We also loved the small relaxation area adjacent to the spa. Our only quibble is that the spa didn't have a real locker or changing room. If you don't come down in your robe, you need to change in the small restroom (and the spa bathrobes are made for very small people, it seems).
Likewise, the sauna on World Navigator was a joy, with large windows and plenty of seating. We didn't see all that many people using it on our port-intensive cruise, but I was certainly able to imagine how fabulous it would be to soak in the heat while watching the icebergs float by in Antarctica. The sauna is complimentary.
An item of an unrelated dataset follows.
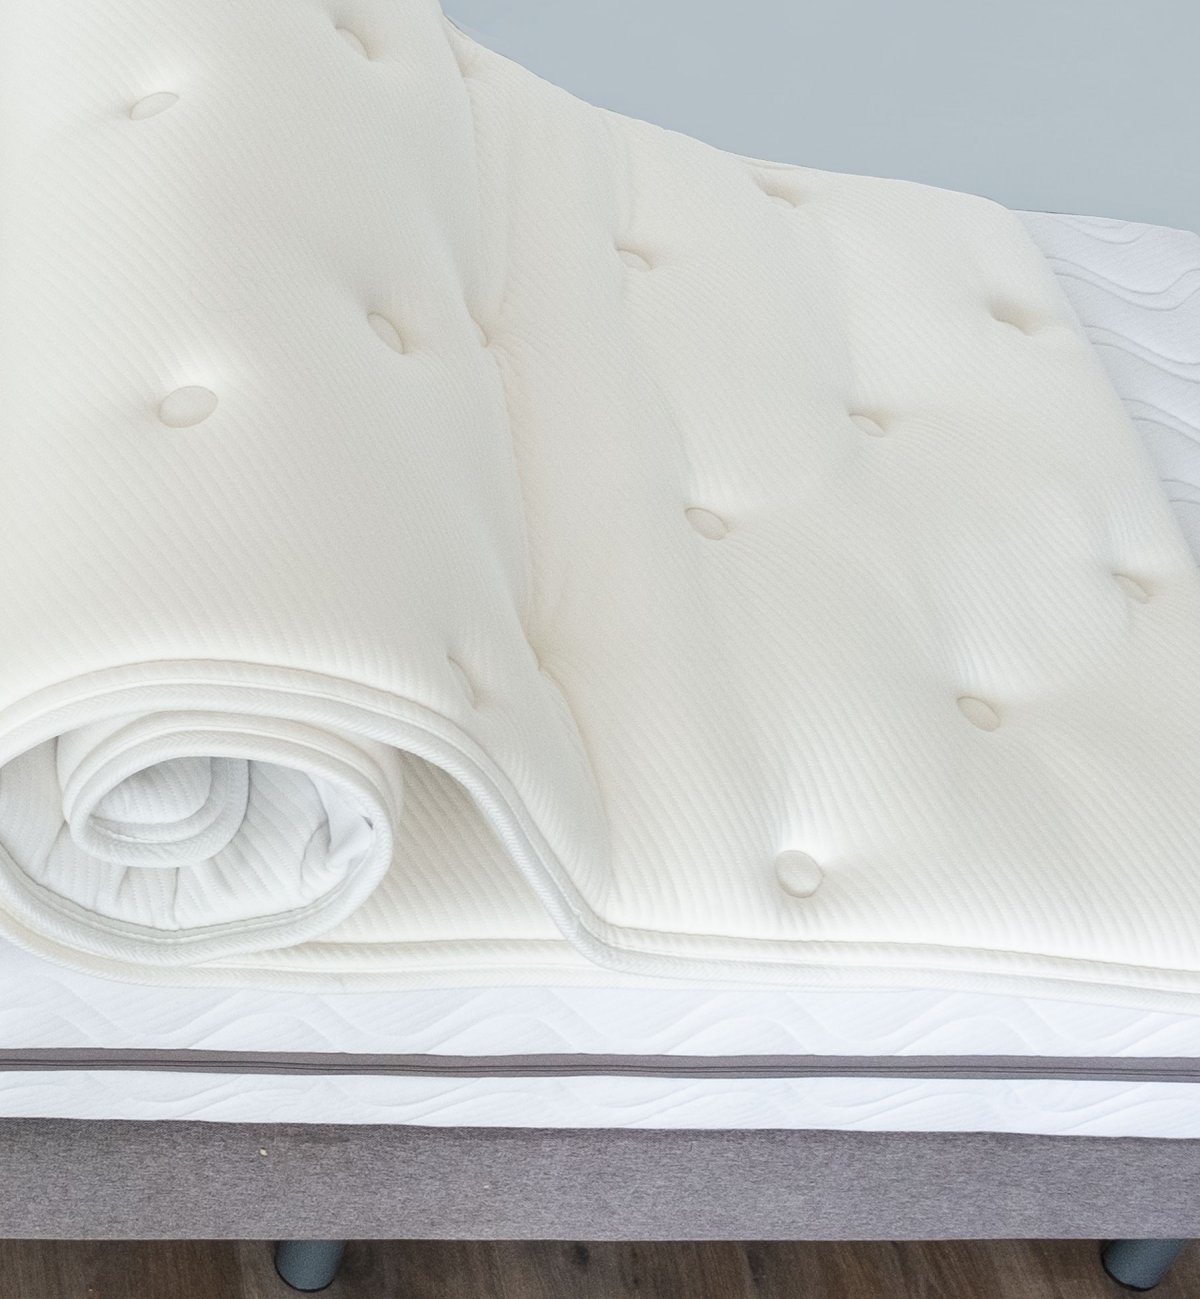 Memory foam mattress overlay for 2 people Memoform
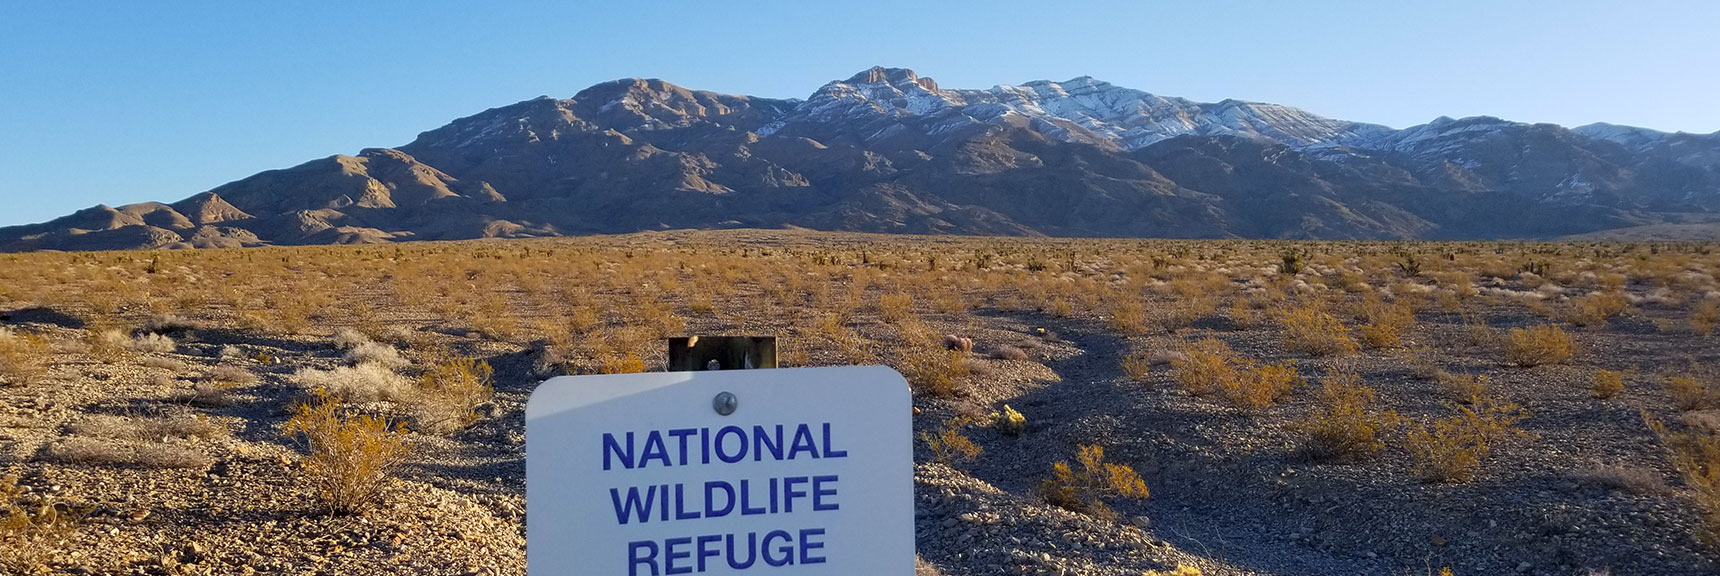 Entering Desert National Wildlife Refuge South of Gass Peak, Nevada

You have to search to find the gym on World Navigator -- but when you do open the door, tucked on Deck 4 across from Paula's Pantry, you'll find that it's actually quite spacious and inviting for a ship this size. The ship has Technogym cardio equipment (bikes, treadmills and ellipticals) and there's a wall with free weights, mats and balance balls.
There's a walking/jogging track above the pool on Deck 8. One mile is 12 laps.
The age limit for guests in Antarctica is 8 years old. The line stresses that children must always be accompanied by an adult; there is no babysitting or kids clubs onboard, meaning that if your child doesn't want to go out on the Zodiac, you won't either, unless another parent watches them.
The age limit for Epicurean Expeditions is 12 months. Children 2 years and under are able to participate in shore excursions for free.
That being said, World Navigator is a small ship, with an adult atmosphere (and all that free booze). Without any programming during the day or shows in the evening for distraction, children are likely to get bored easily.